By Carlo Munoz

A new tactic adopted by Somali pirates based off the coast of Africa, designed to extend the range and mobility of their operations is causing concern among U.S. naval forces in the region.

In recent months, criminal gangs of privateers off the coast of Somalia have begun to use converted merchant ships as floating bases of operation, as a way to evade anti-piracy missions by U.S. and coalition naval forces, according to Vice Adm. Mark Fox, commander of U.S. Naval Forces Central Command, 5th Fleet.

“This is a serious issue,” he said yesterday during a Defense Writers Group breakfast in Washington. “We have adapted and the pirates have adapted.”

Fifth fleet first encountered these converted commercial sea liners last September off the Gulf of Aden, where a majority of pirate attacks in the region take place, Fox said. The three-star admiral assumed command of NAVCENT in mid-2010.

What they found was a ship filled with enough munitions and supplies to support up to eight “pirate action groups” almost 1,000 miles off the Somali coastline. From these ships, pirates can launch attacks against commercial vessels in relatively ungoverned seas.

On average, thousands of commercial vessels transport goods and materiel along those shipping transit routes in the gulf, he said. “We’re talking about [an area] from Newfoundland to Key West,” Fox said. “It is a pretty vast area…so when we are not there, they are capable of sometimes successful pirate attacks.”

Before the use of motherships, Somali pirates were only able to carry out attacks against merchant vessels during certain times of the year. The volatile monsoon seasons in the gulf would render the seas impassible for the small, outboard motor-powered boats pirates would use to board larger ships, according to Fox.

The smaller, underpowered boats would also limit pirate activity to coastline of Somalia and neighboring Yemen, he added. That said, commercial freighters could simply chart a course further from the Somali coastline and closer Indian shores to avoid attacks.

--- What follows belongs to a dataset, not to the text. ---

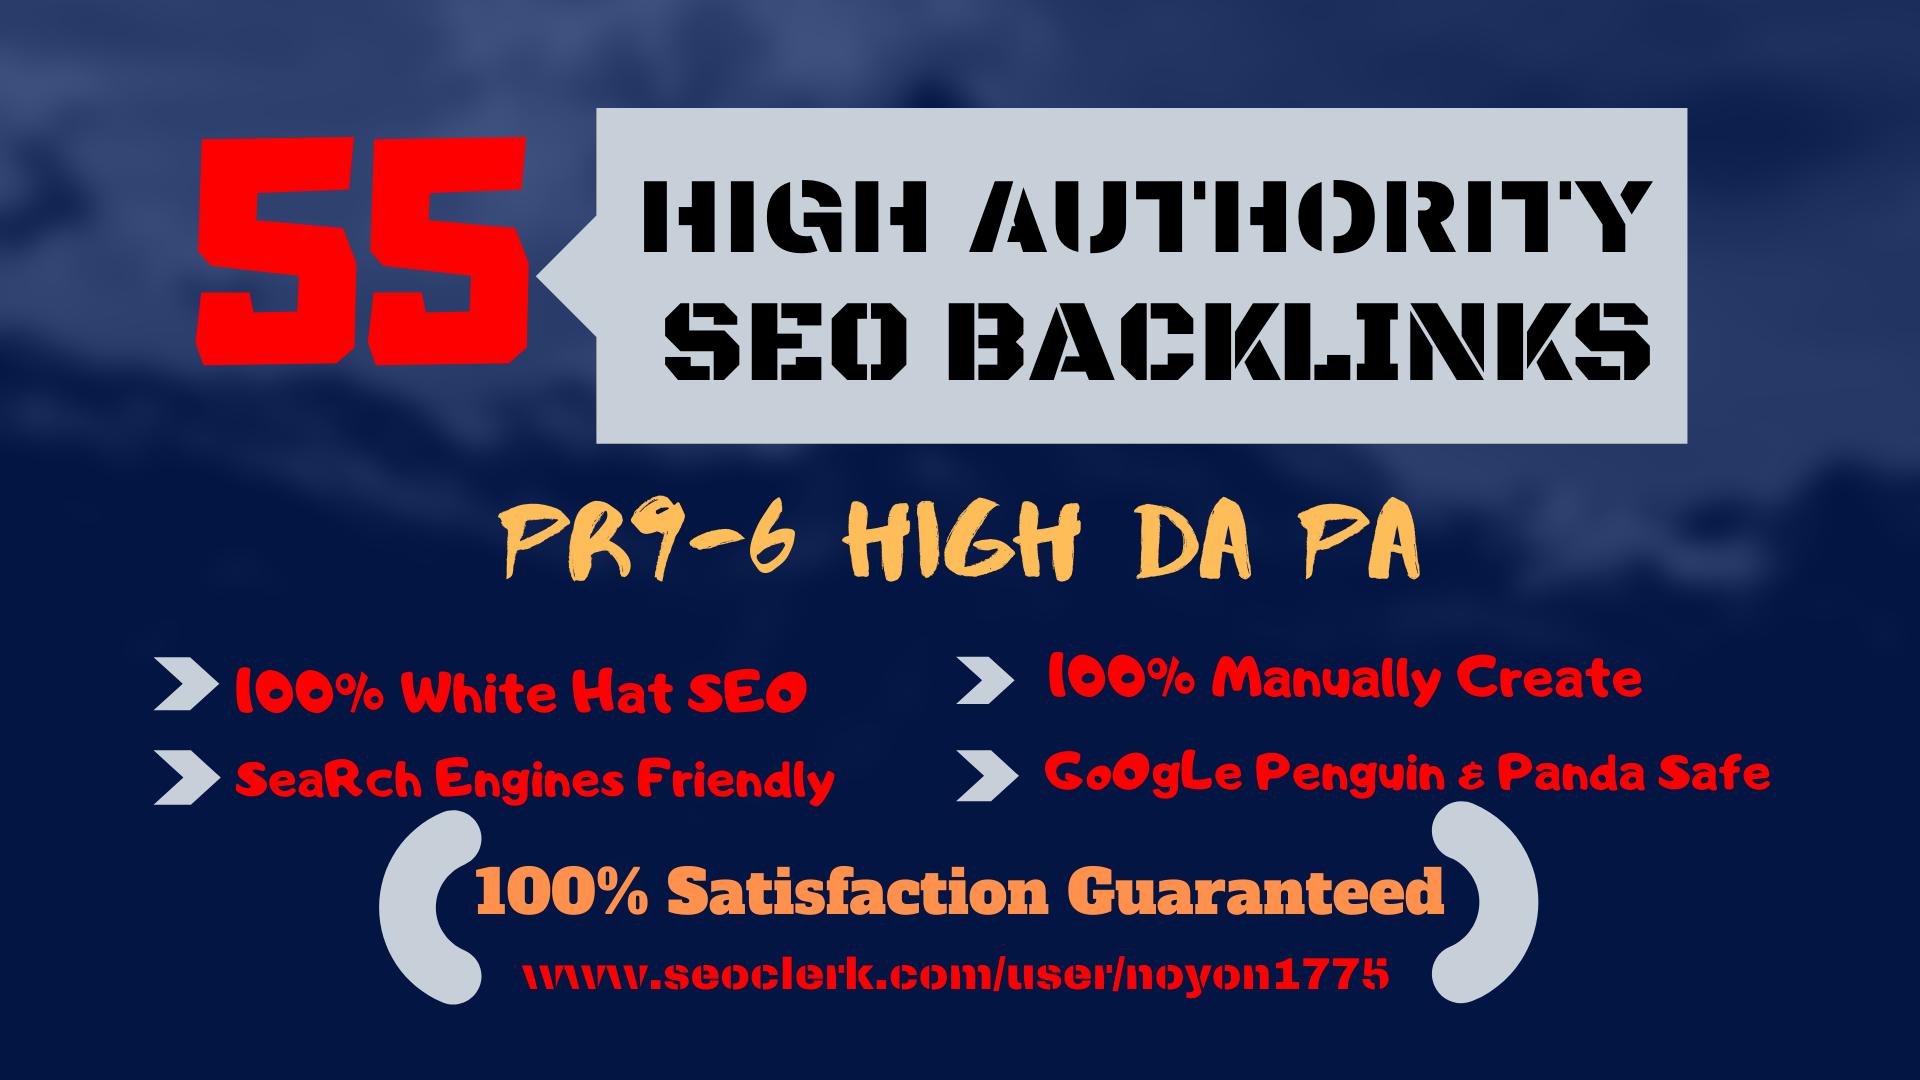 build high quality whitehat SEO backlinks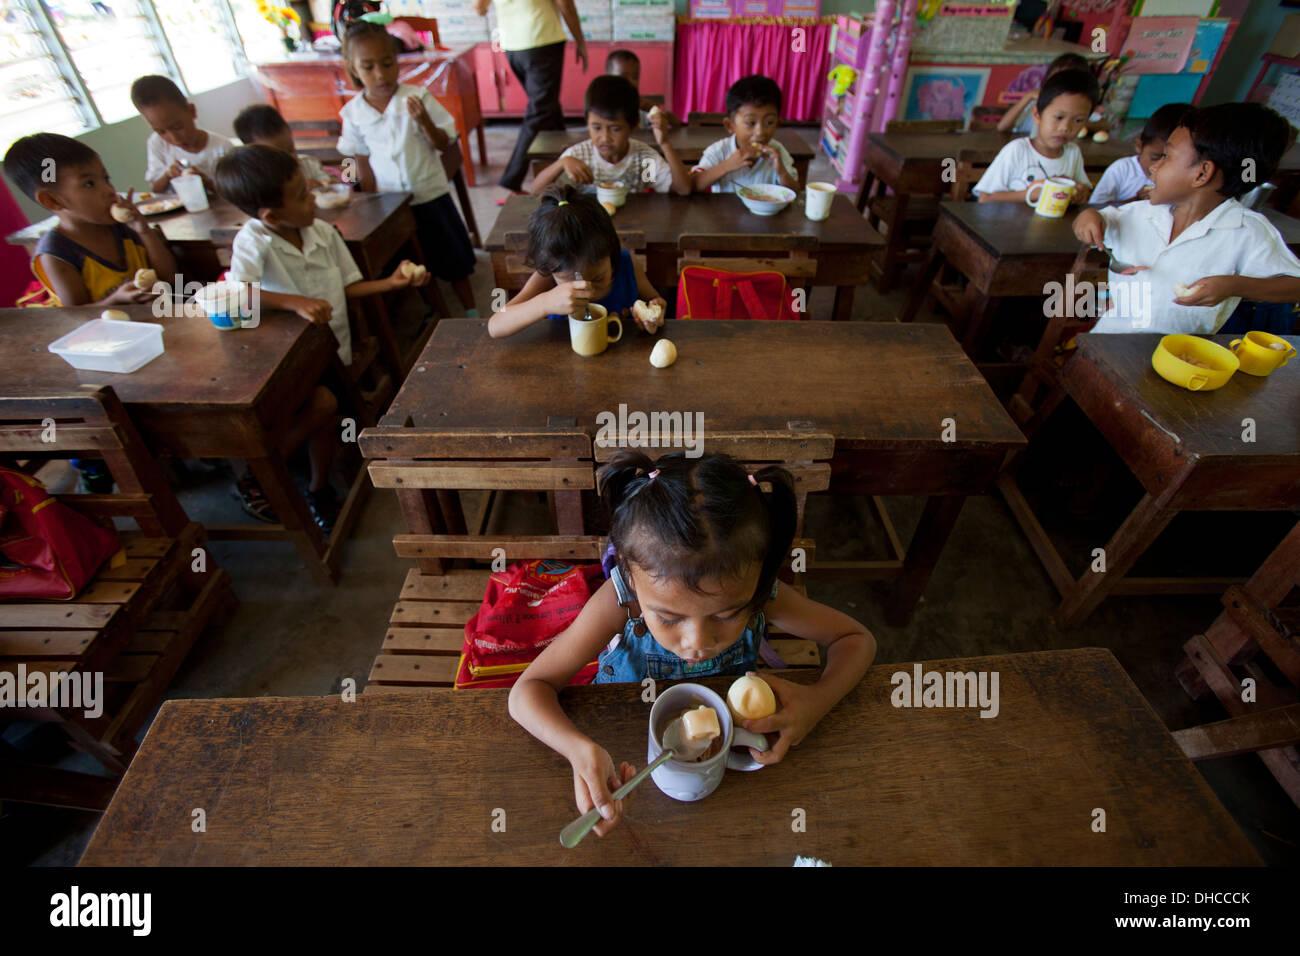 Children enjoy a free lunch during a feeding program event at Wasig Elementary School in Wasig, Oriental Mindoro, Stock Photo

“Originally, pirate activity was based on the proximity to the land…[from] Somalia to Yemen, so we focused our attention and efforts on the Gulf of Aden…[and] you would see pirate activity focused on those times when small boats are able to go out to sea,” Fox said.

That focus by U.S. and coalition forces, he noted, has been able to drop the number of pirate attacks to between “only between one and two successful acts” in the gulf in a four-month period, he noted.

But the shifting tactics of the Somalis, particularly the use of mothership vessels, could put at risk the relative calm that has been brought to the region.

Running piracy missions from these floating bases of operation has essentially eliminated the annual lull in activity, allowing attacks to continue year-round while protecting pirate crews from the harsh maritime environment.

The use of motherships has also allowed pirates to carry out attack ships in deeper waters, and exponentially increase the time they patrol those waters, rendering the seek and avoid tactic used by commercial fleets null and void, the NAVCENT chief said.

In some instances, the intelligence, surveillance and reconnaissance assets used by NAVCENT to conduct anti-piracy operations are useless, due to the limited range of those platforms.

“These ships go out…at much greater distances with much longer persistence than we have seen,” Fox said. “So now [they are] 1,000 miles off the coast of Somalia…if I fly a P-3 out of Djibouti, he flies 1,300 nautical miles and comes back. That is his range. So they are going where we are not, where we do not have [a] persistent presence.”

Consequently, while the number of attacks has dwindled, the number of hostages taken by Somali pirates has grown, from 350 hostages taken to 750 in that same time span, Fox added.

While the mothership strategy has been in common use by drug cartels moving narcotics shipments from bases along the South America coastline to ports of entry in the United States, its presence within the shipping lanes of Western Africa is one Navy officials are struggling to cope with.

“They are adaptive, they are flexible, they are thinking. We are facing a thinking opponent here,” Fox said. “They know our redlines, they know our modes of operation…but the mothership, in my opinion, is potentially a game changer.”